Adding Memory with Checkpointing

LangGraph supports persistent memory through checkpointers — enabling multi-turn conversations:

from langgraph.checkpoint.memory import MemorySaver

# Compile with memory
checkpointer = MemorySaver()
app = graph.compile(checkpointer=checkpointer)

# First turn
config = {"configurable": {"thread_id": "user-123"}}
result1 = app.invoke(
    {"messages": [{"role": "user", "content": "What's the weather in Paris?"}]},
    config=config,
)

# Second turn — agent remembers the conversation
result2 = app.invoke(
    {"messages": [{"role": "user", "content": "How about London?"}]},
    config=config,
)

Streaming Agent Steps

For real-time UI feedback, stream each step as it happens:

async for event in app.astream_events(
    {"messages": [{"role": "user", "content": "What is the population of Tokyo?"}]},
    version="v2",
):
    kind = event["event"]
    if kind == "on_chat_model_stream":
        # Token-level streaming from the LLM
        content = event["data"]["chunk"].content
        if content:
            print(content, end="", flush=True)
    elif kind == "on_tool_start":
        print(f"\n🔧 Calling tool: {event['name']}")
    elif kind == "on_tool_end":
        print(f"📋 Result: {event['data'].output[:200]}")

Customizing the Prebuilt Agent

The create_react_agent accepts several customization parameters:

from langgraph.prebuilt import create_react_agent
from langchain_core.prompts import ChatPromptTemplate

# Custom system prompt
agent = create_react_agent(
    model=llm,
    tools=tools,
    prompt="You are a research assistant. Always cite your sources. "
           "If you're unsure, say so rather than guessing.",
)

# With a maximum number of tool-calling steps
agent = create_react_agent(
    model=llm,
    tools=tools,
    prompt="You are a helpful assistant.",
)

ReAct Agent with LlamaIndex

LlamaIndex provides ReActAgent as part of its agent workflow system. It uses text-based ReAct prompting (Thought/Action/Observation format) rather than native function calling, making it compatible with any LLM — including open-source models that don’t support function calling.

Basic ReAct Agent

from llama_index.llms.openai import OpenAI
from llama_index.core.agent.workflow import ReActAgent
from llama_index.core.tools import FunctionTool
from llama_index.core.workflow import Context


# Define tools
def search_wikipedia(query: str) -> str:
    """Search Wikipedia for a query and return the first paragraph of the result."""
    import httpx
    url = "https://en.wikipedia.org/w/api.php"
    params = {
        "action": "query",
        "list": "search",
        "srsearch": query,
        "format": "json",
        "srlimit": 1,
    }
    resp = httpx.get(url, params=params, timeout=10)
    results = resp.json().get("query", {}).get("search", [])
    if not results:
        return "No results found."
    page_id = results[0]["pageid"]
    extract_resp = httpx.get(url, params={
        "action": "query",
        "prop": "extracts",
        "exintro": True,
        "explaintext": True,
        "pageids": page_id,
        "format": "json",
    }, timeout=10)
    pages = extract_resp.json().get("query", {}).get("pages", {})
    return pages.get(str(page_id), {}).get("extract", "No extract available.")

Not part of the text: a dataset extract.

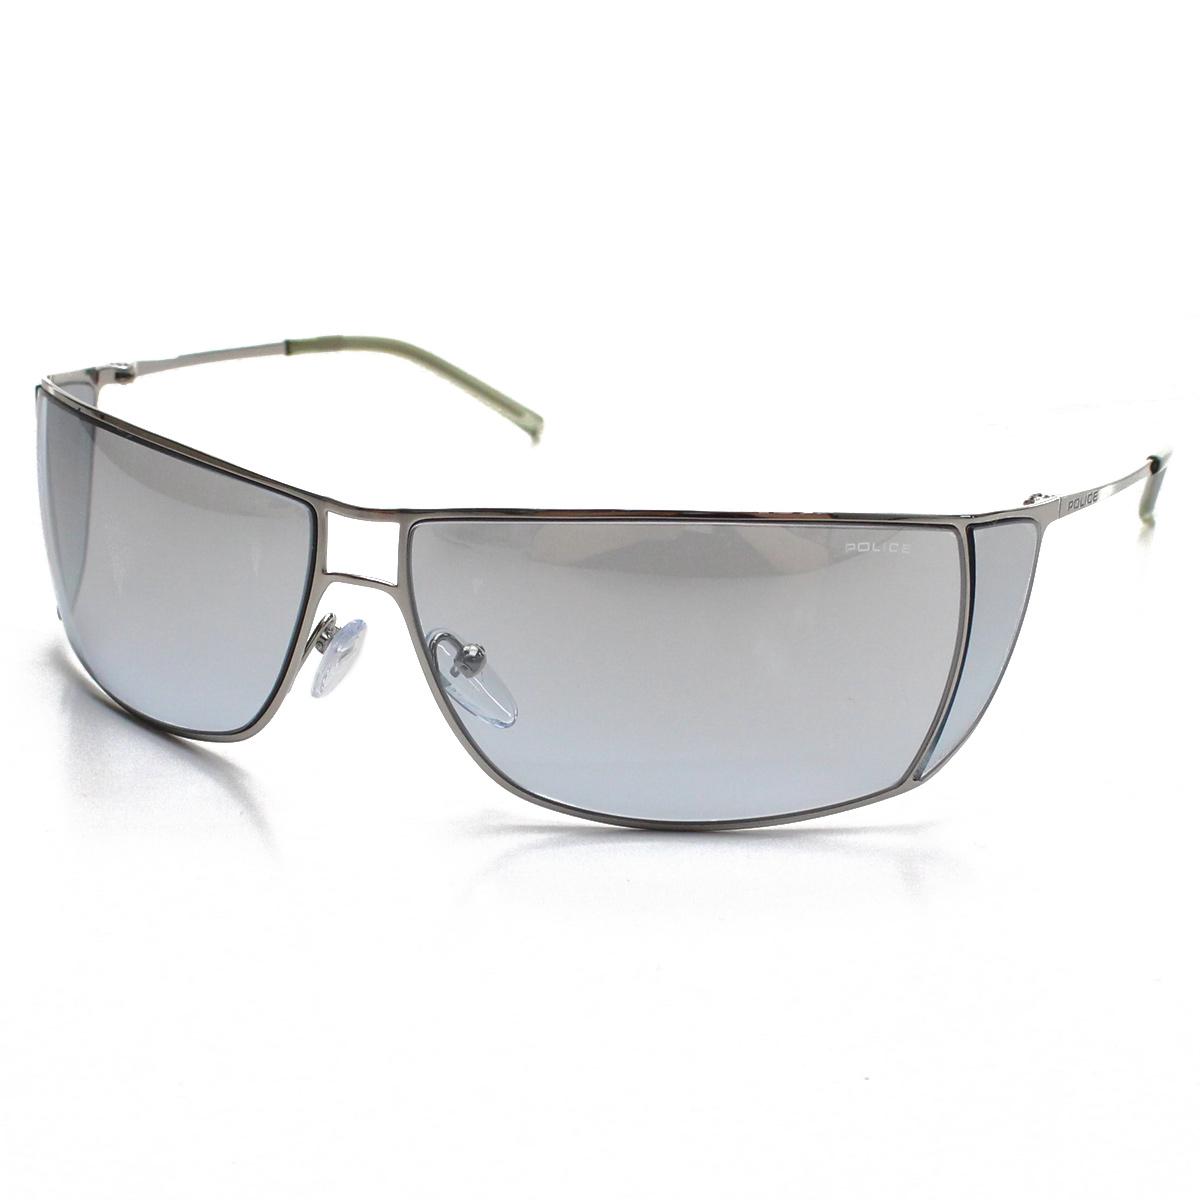 7e198eb416b8a Sunglasses
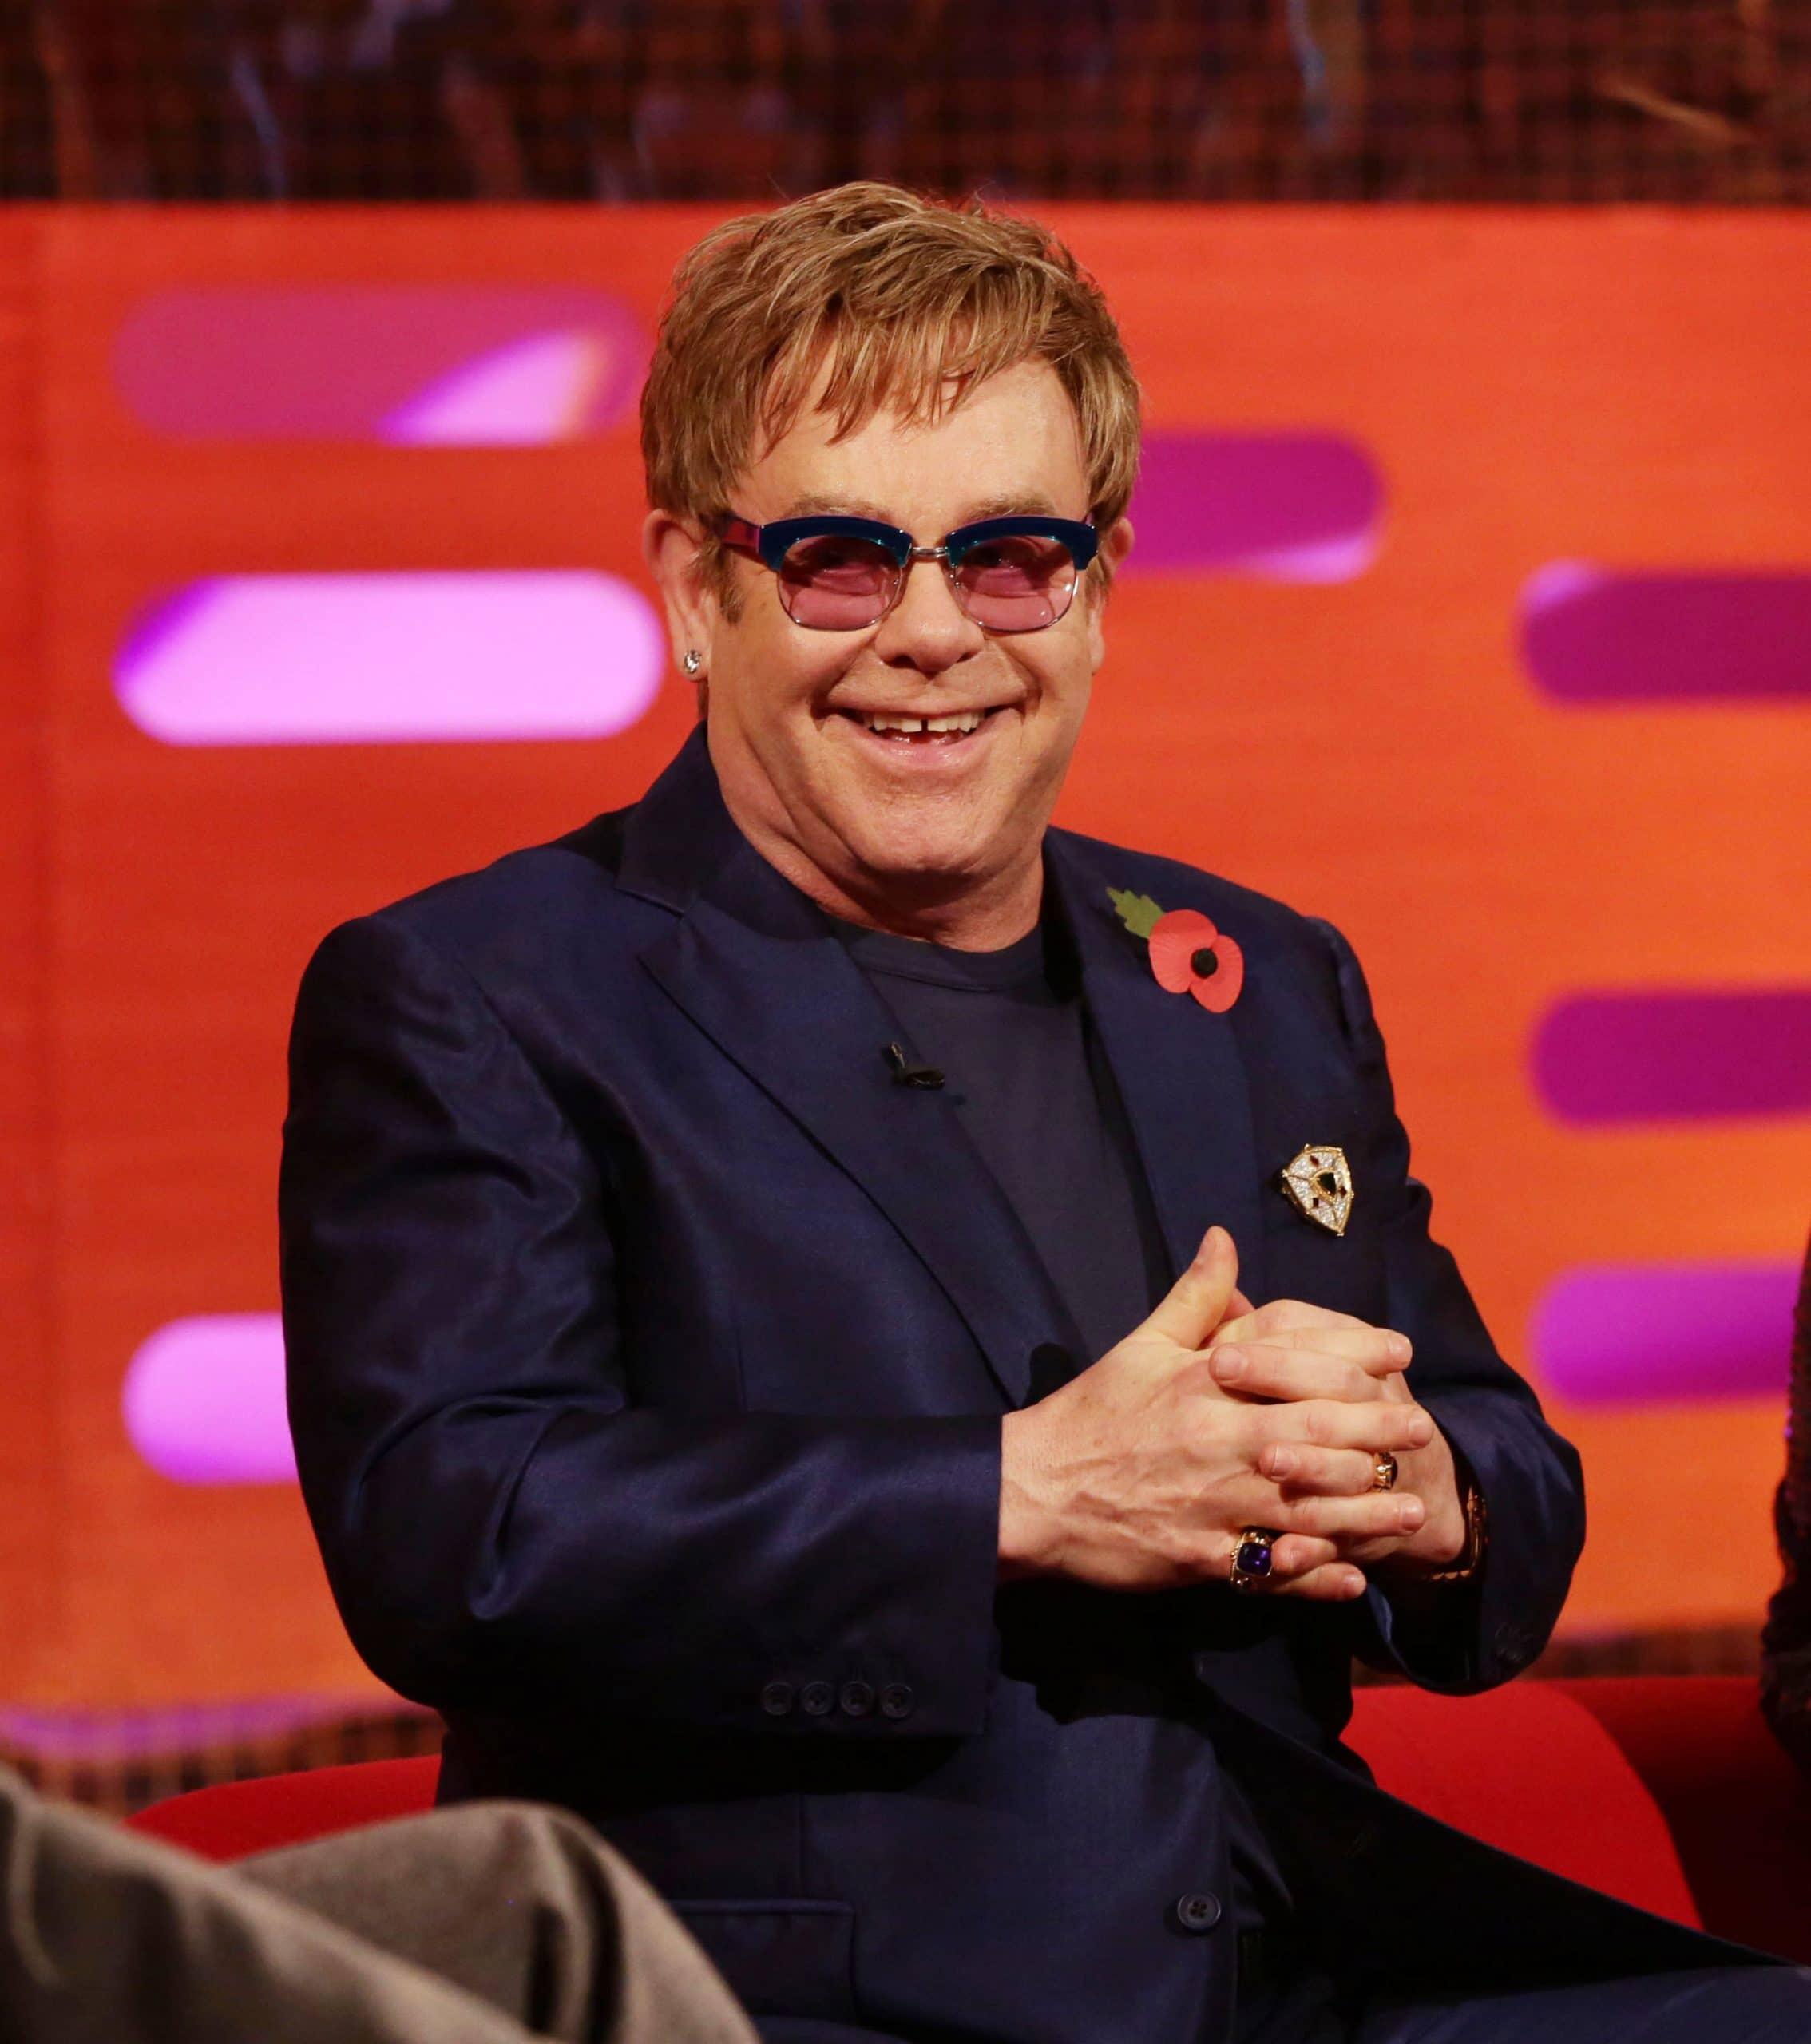 THE GRAHAM NORTON SHOW, Elton John

def calculator(expression: str) -> str:
    """Evaluate a mathematical expression and return the result."""
    import math
    try:
        result = eval(expression, {"__builtins__": {}}, {"sqrt": math.sqrt, "abs": abs})
        return str(result)
    except Exception as e:
        return f"Error: {e}"


# Wrap as FunctionTools
search_tool = FunctionTool.from_defaults(fn=search_wikipedia)
calc_tool = FunctionTool.from_defaults(fn=calculator)

# Create the agent
llm = OpenAI(model="gpt-4o-mini", temperature=0)
agent = ReActAgent(
    tools=[search_tool, calc_tool],
    llm=llm,
)

# Run with a context for conversation state
ctx = Context(agent)
response = await agent.run("What is 20 + (2 * 4)?", ctx=ctx)
print(response)

Streaming the ReAct Trace

LlamaIndex streams the full Thought-Action-Observation trace:

from llama_index.core.agent.workflow import AgentStream, ToolCallResult

handler = agent.run("What is the population of Japan?", ctx=ctx)

async for ev in handler.stream_events():
    if isinstance(ev, ToolCallResult):
        print(f"\n🔧 Called {ev.tool_name}({ev.tool_kwargs})")
        print(f"📋 Result: {ev.tool_output}")
    if isinstance(ev, AgentStream):
        print(ev.delta, end="", flush=True)

response = await handler

Output:

Thought: I need to search for the current population of Japan.
Action: search_wikipedia
Action Input: {"query": "population of Japan"}

🔧 Called search_wikipedia({'query': 'population of Japan'})
📋 Result: Japan has a population of approximately 123 million...

Thought: I can answer without using any more tools.
Answer: Japan has a population of approximately 123 million people.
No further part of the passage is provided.